**To do**
Leaving out the images, please reproduce each line below exactly.

**Recorded information**
::::::::::

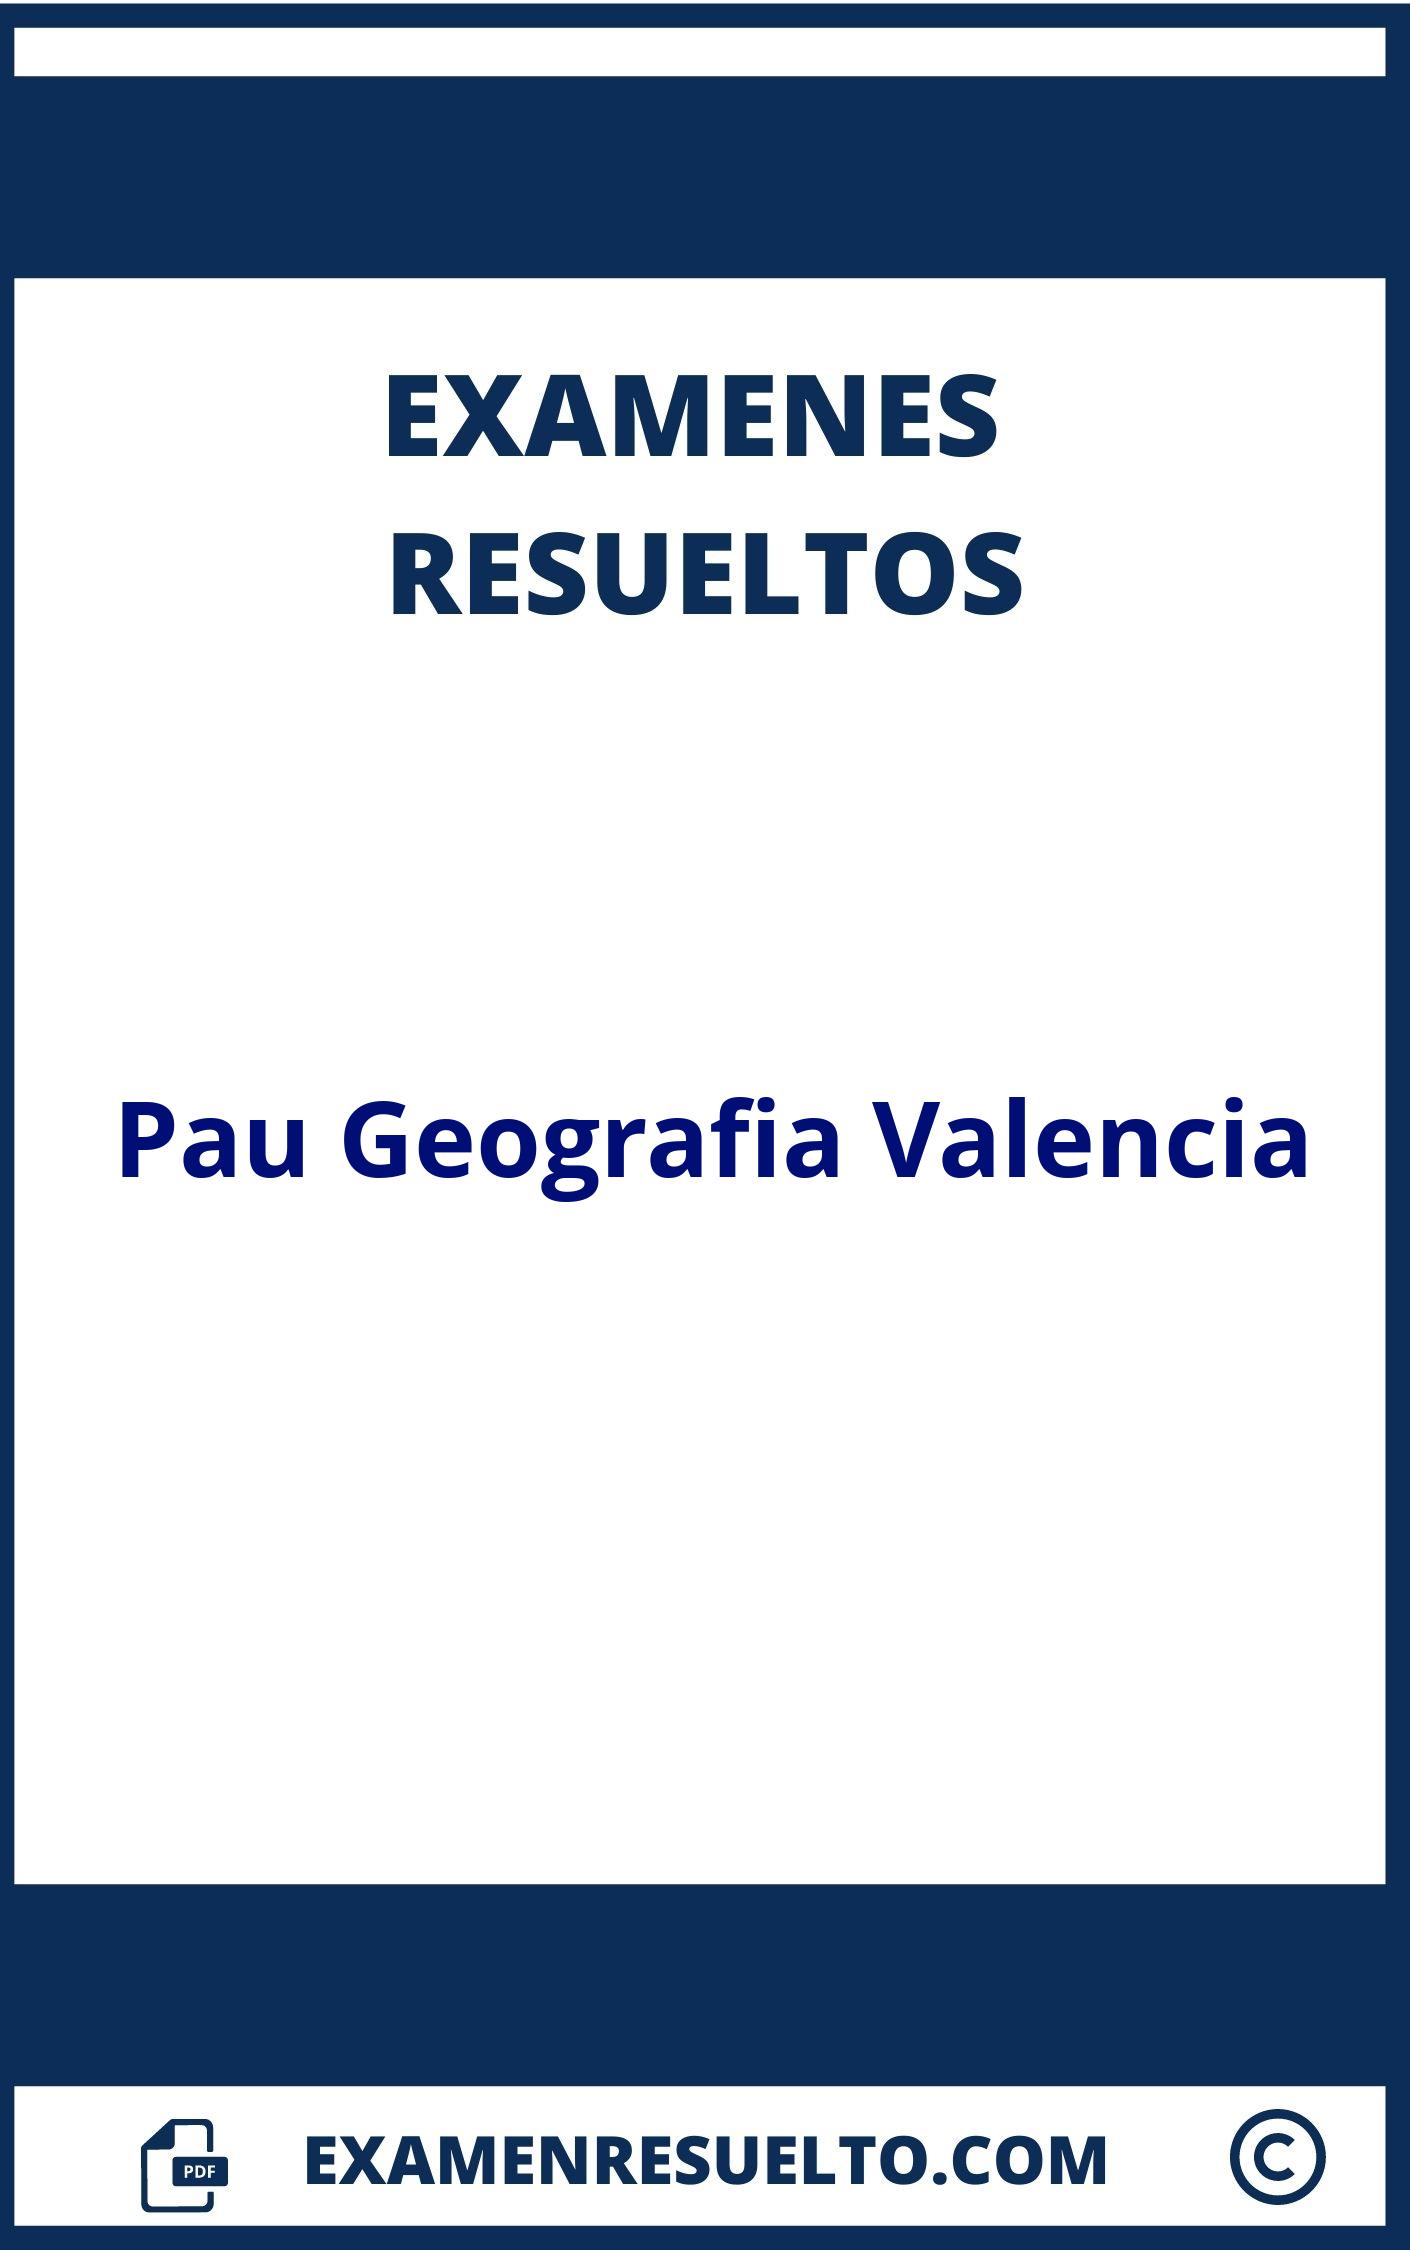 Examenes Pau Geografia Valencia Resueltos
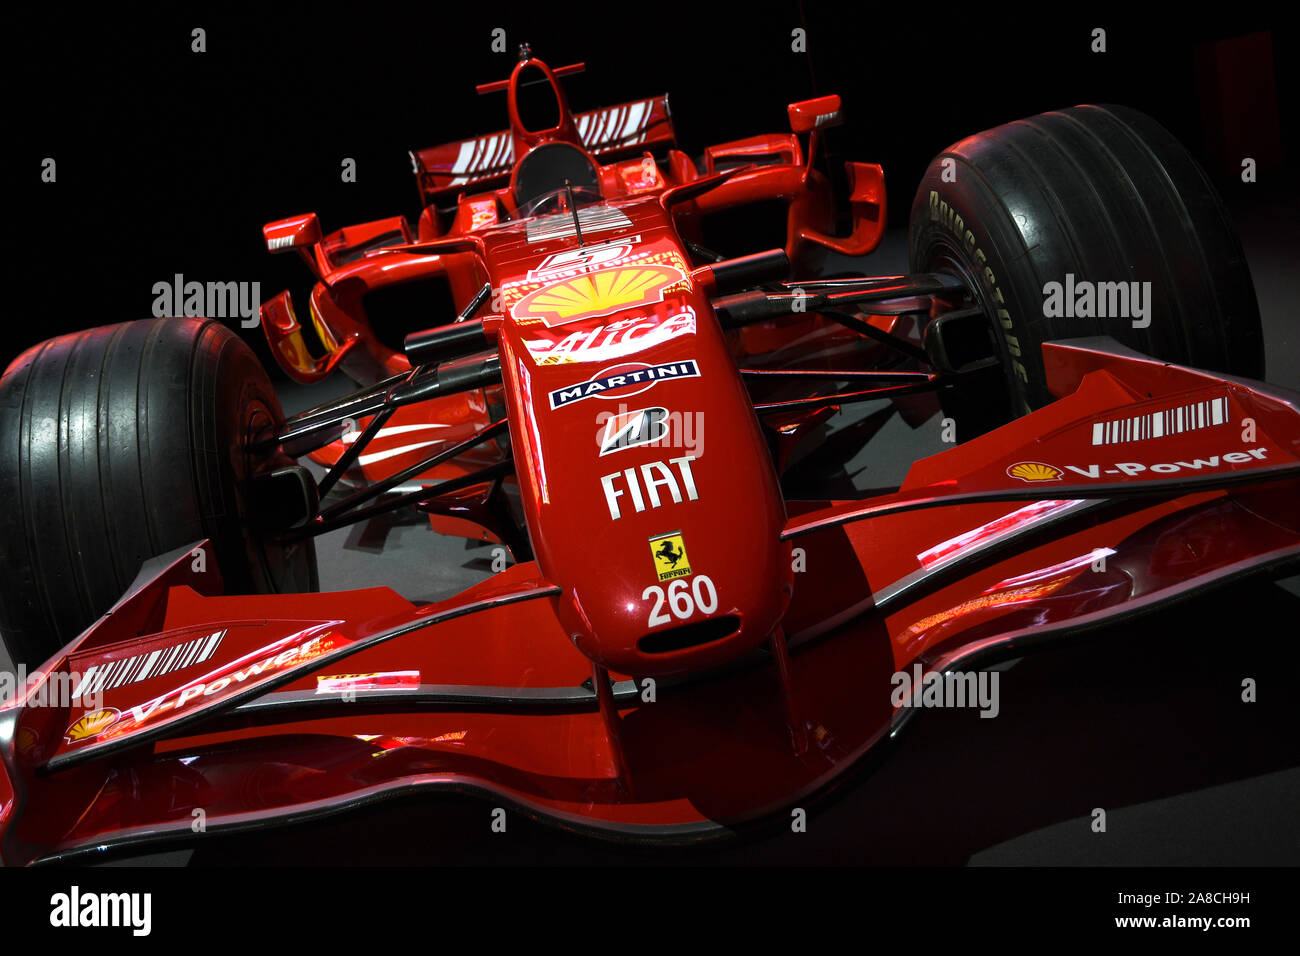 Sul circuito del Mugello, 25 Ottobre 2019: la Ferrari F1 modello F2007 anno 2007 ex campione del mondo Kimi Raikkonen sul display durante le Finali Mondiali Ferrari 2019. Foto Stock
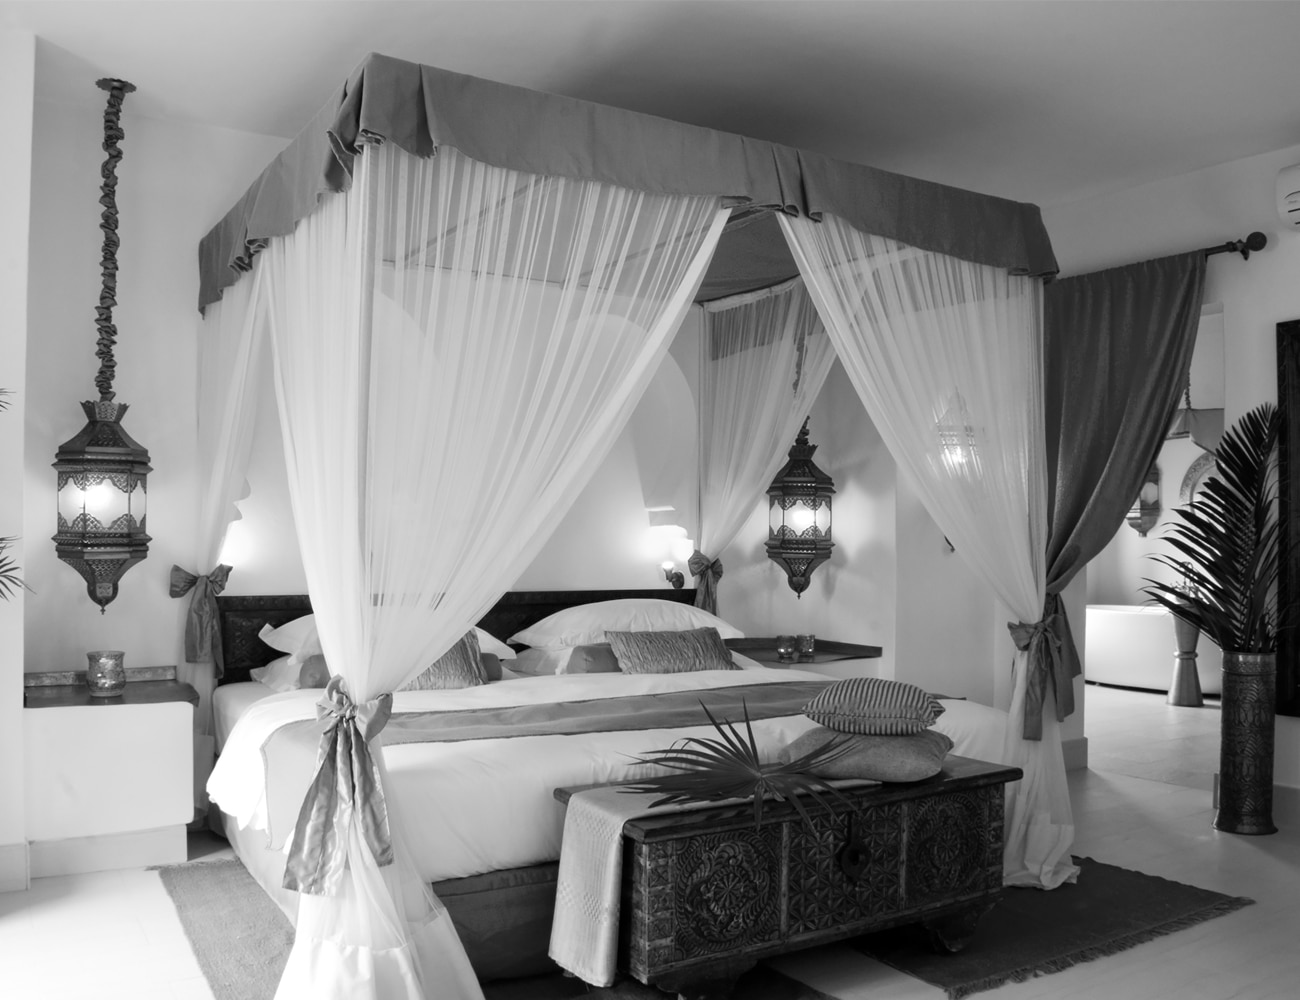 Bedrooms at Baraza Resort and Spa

::::::::::

**Result**
 Examenes Pau Geografia Valencia Resueltos
 Sul circuito del Mugello, 25 Ottobre 2019: la Ferrari F1 modello F2007 anno 2007 ex campione del mondo Kimi Raikkonen sul display durante le Finali Mondiali Ferrari 2019. Foto Stock
 Bedrooms at Baraza Resort and Spa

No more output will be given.